§ **Brief**
Write out the lines below exactly, beginning at the one with "Park Montana National" and stopping after the one with "Bild 2 aus 4"; the pictures are not copied.

§ **Extracted entries**
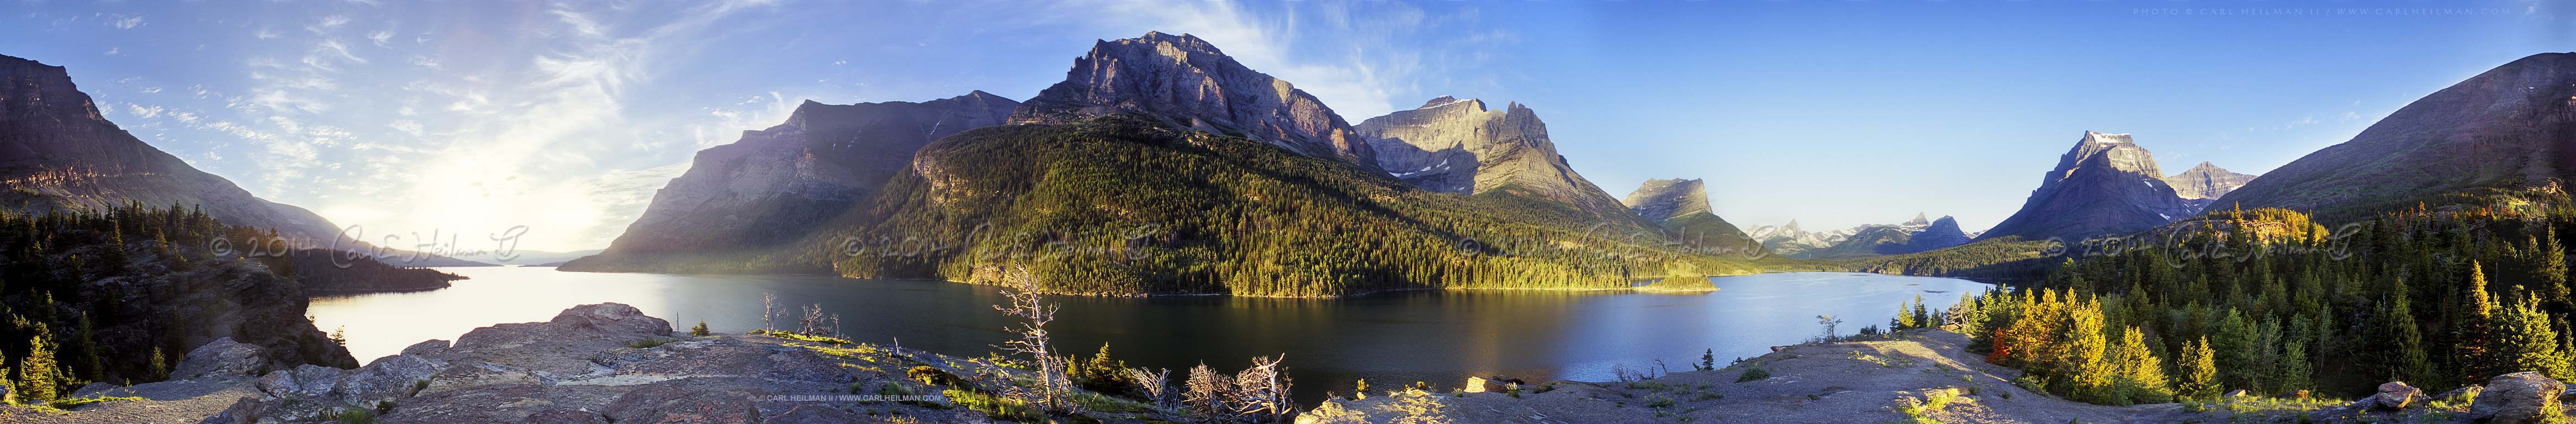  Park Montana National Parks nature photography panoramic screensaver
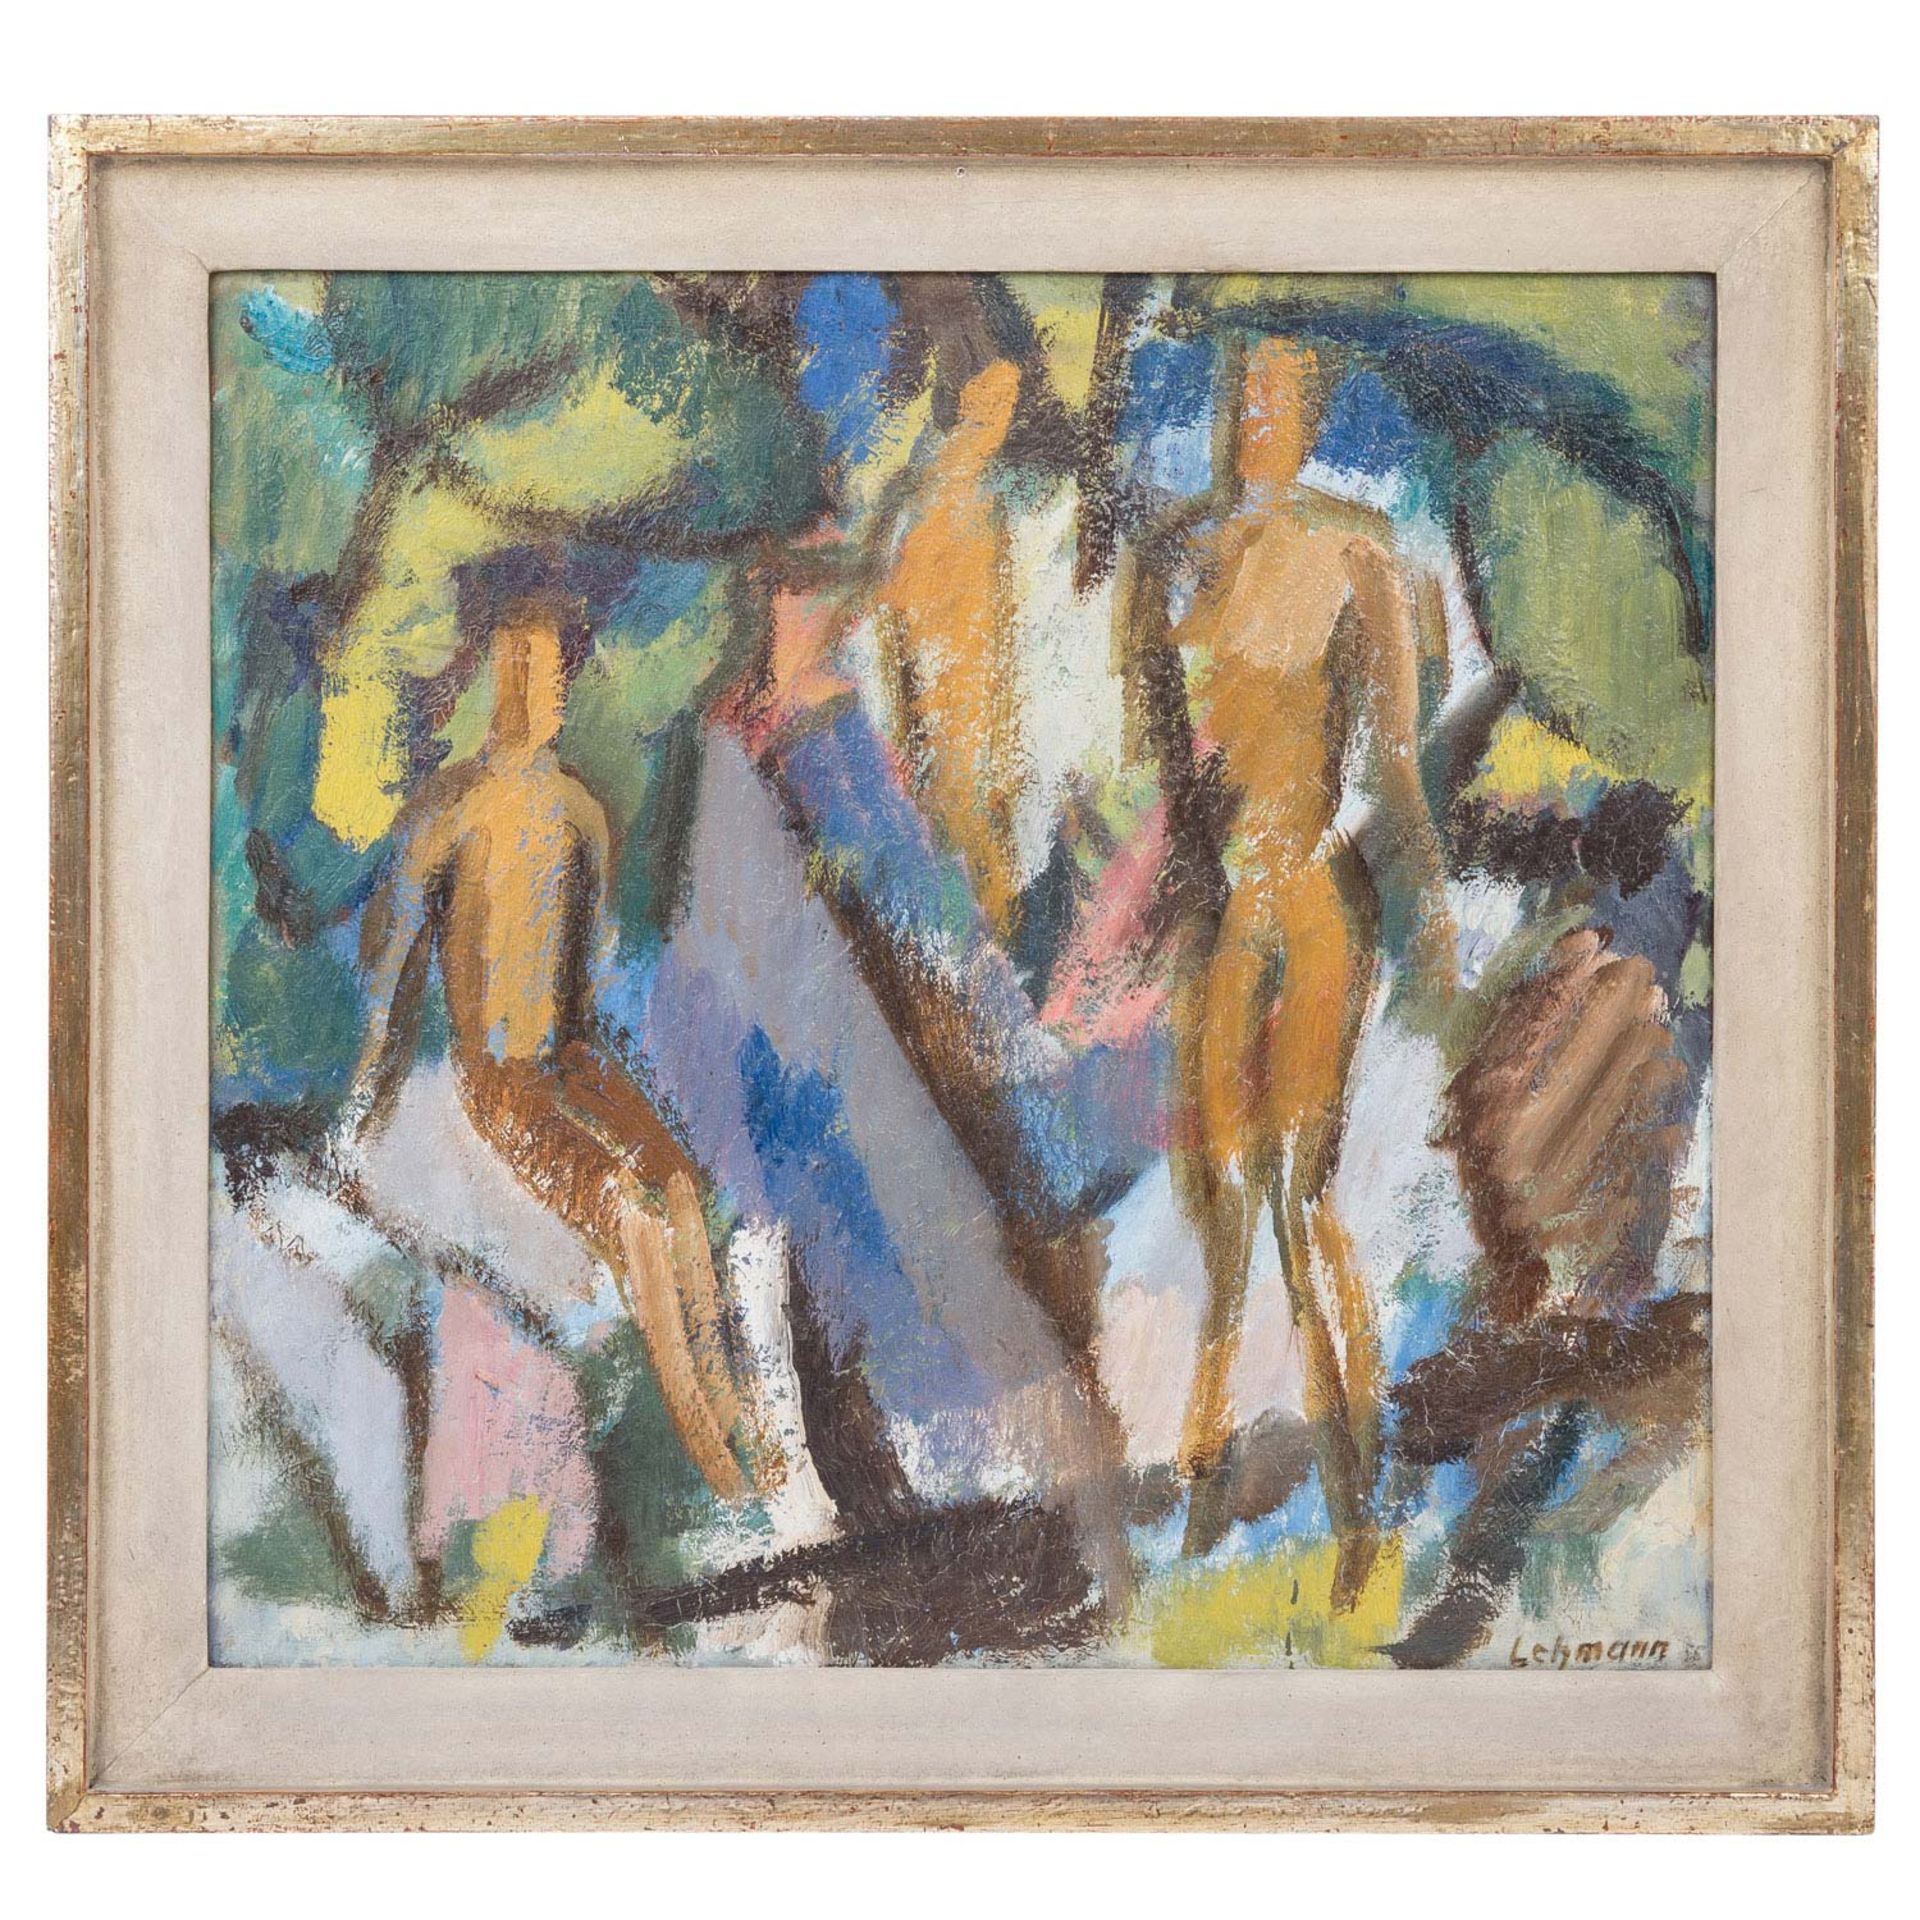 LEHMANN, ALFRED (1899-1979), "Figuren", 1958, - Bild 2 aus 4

...

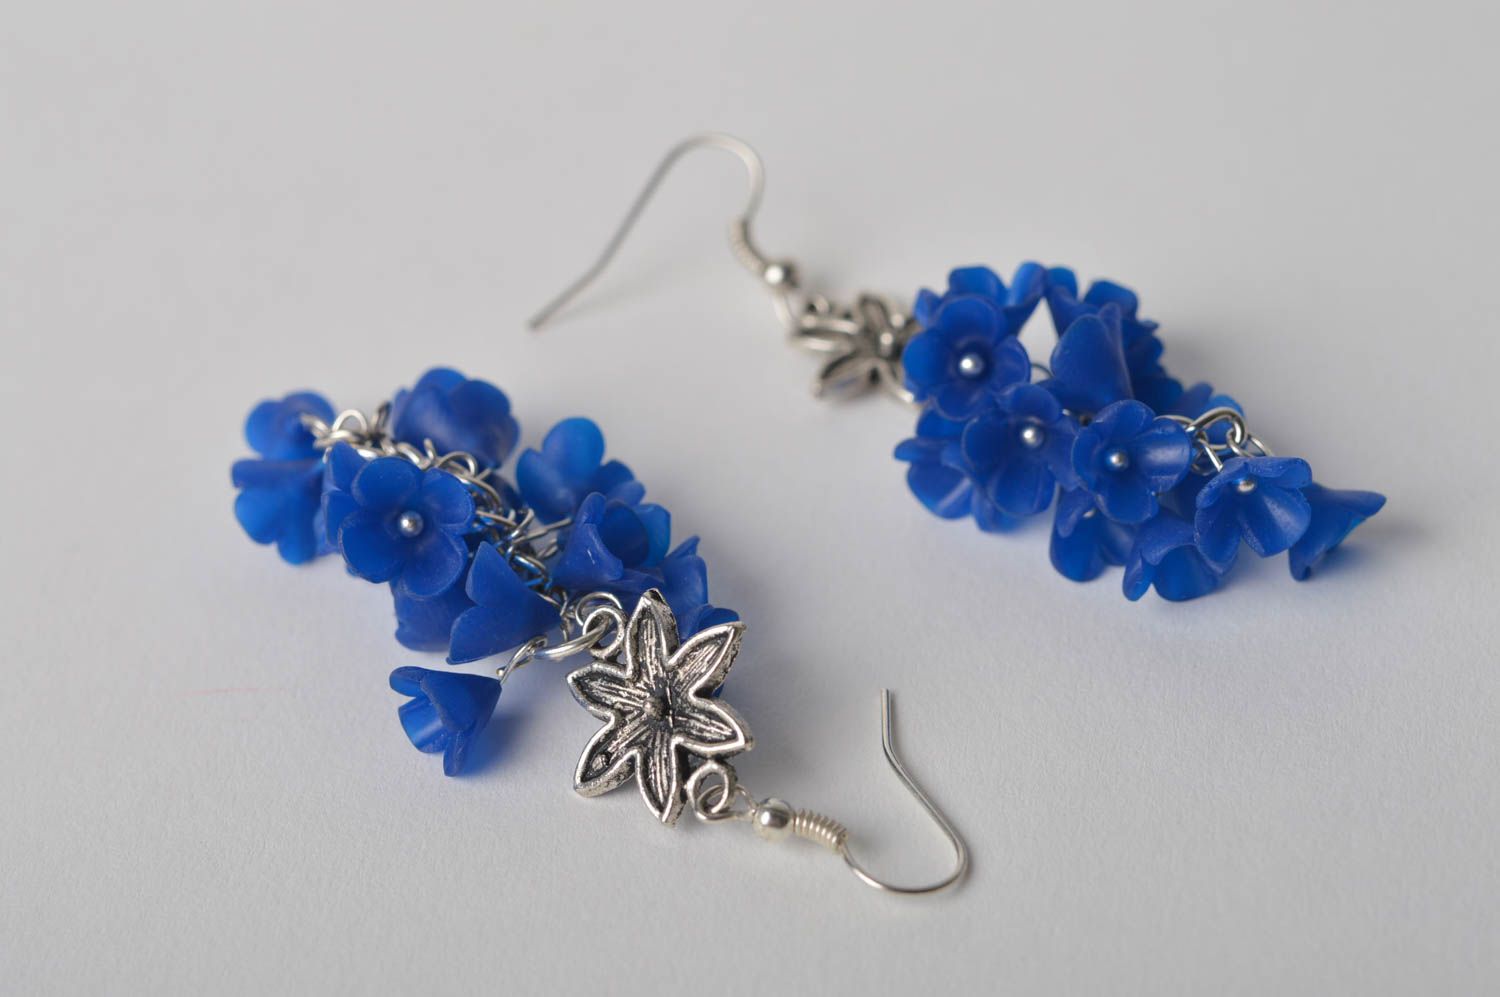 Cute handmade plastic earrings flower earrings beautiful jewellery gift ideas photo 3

...

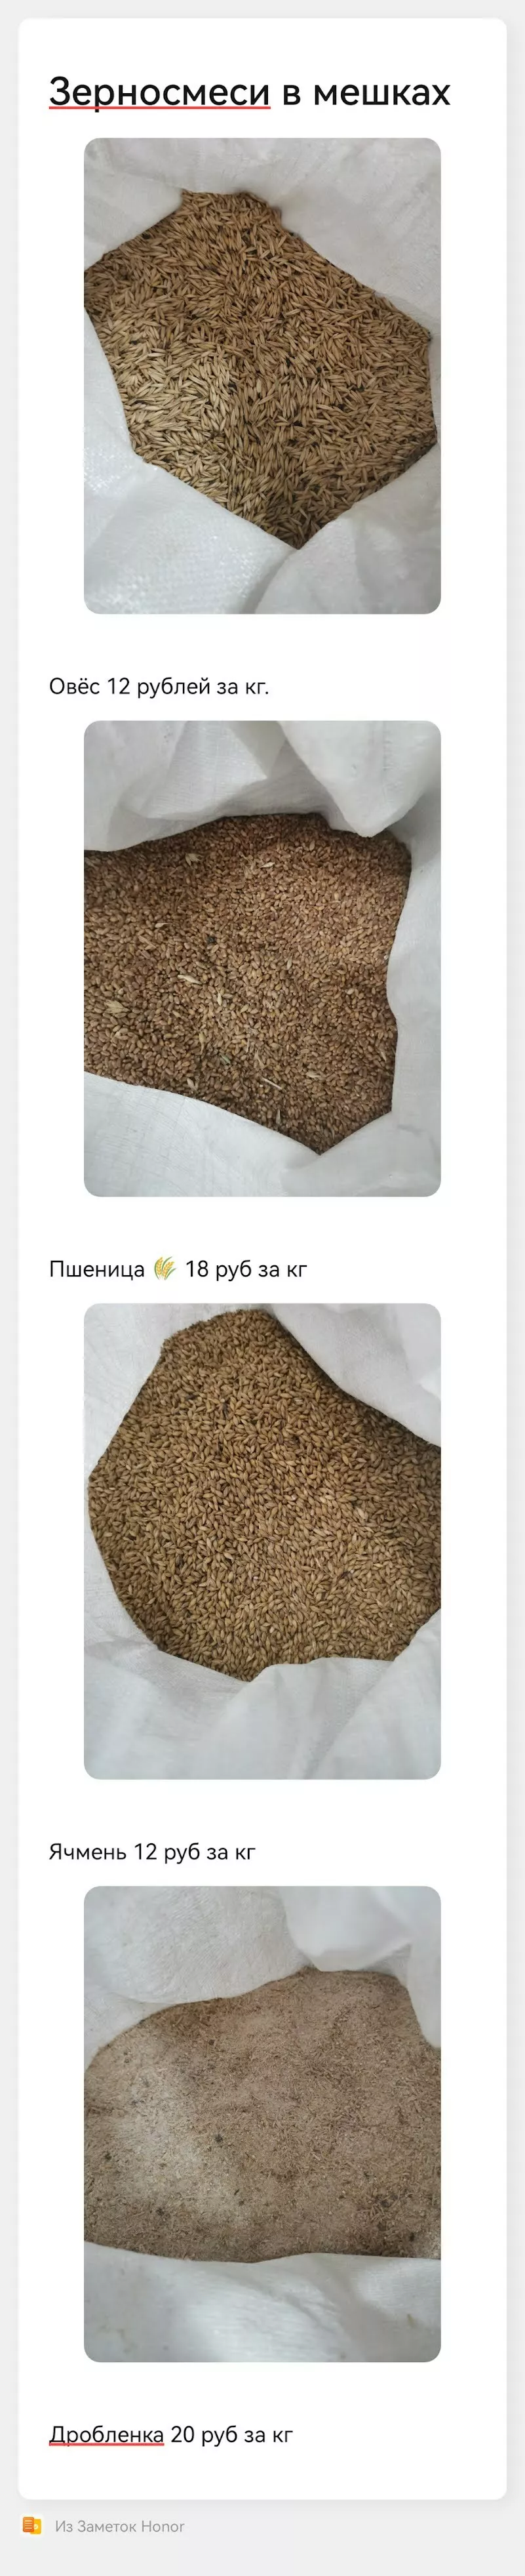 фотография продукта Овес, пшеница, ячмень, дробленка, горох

§ **Answer space**
  Park Montana National Parks nature photography panoramic screensaver
 LEHMANN, ALFRED (1899-1979), "Figuren", 1958, - Bild 2 aus 4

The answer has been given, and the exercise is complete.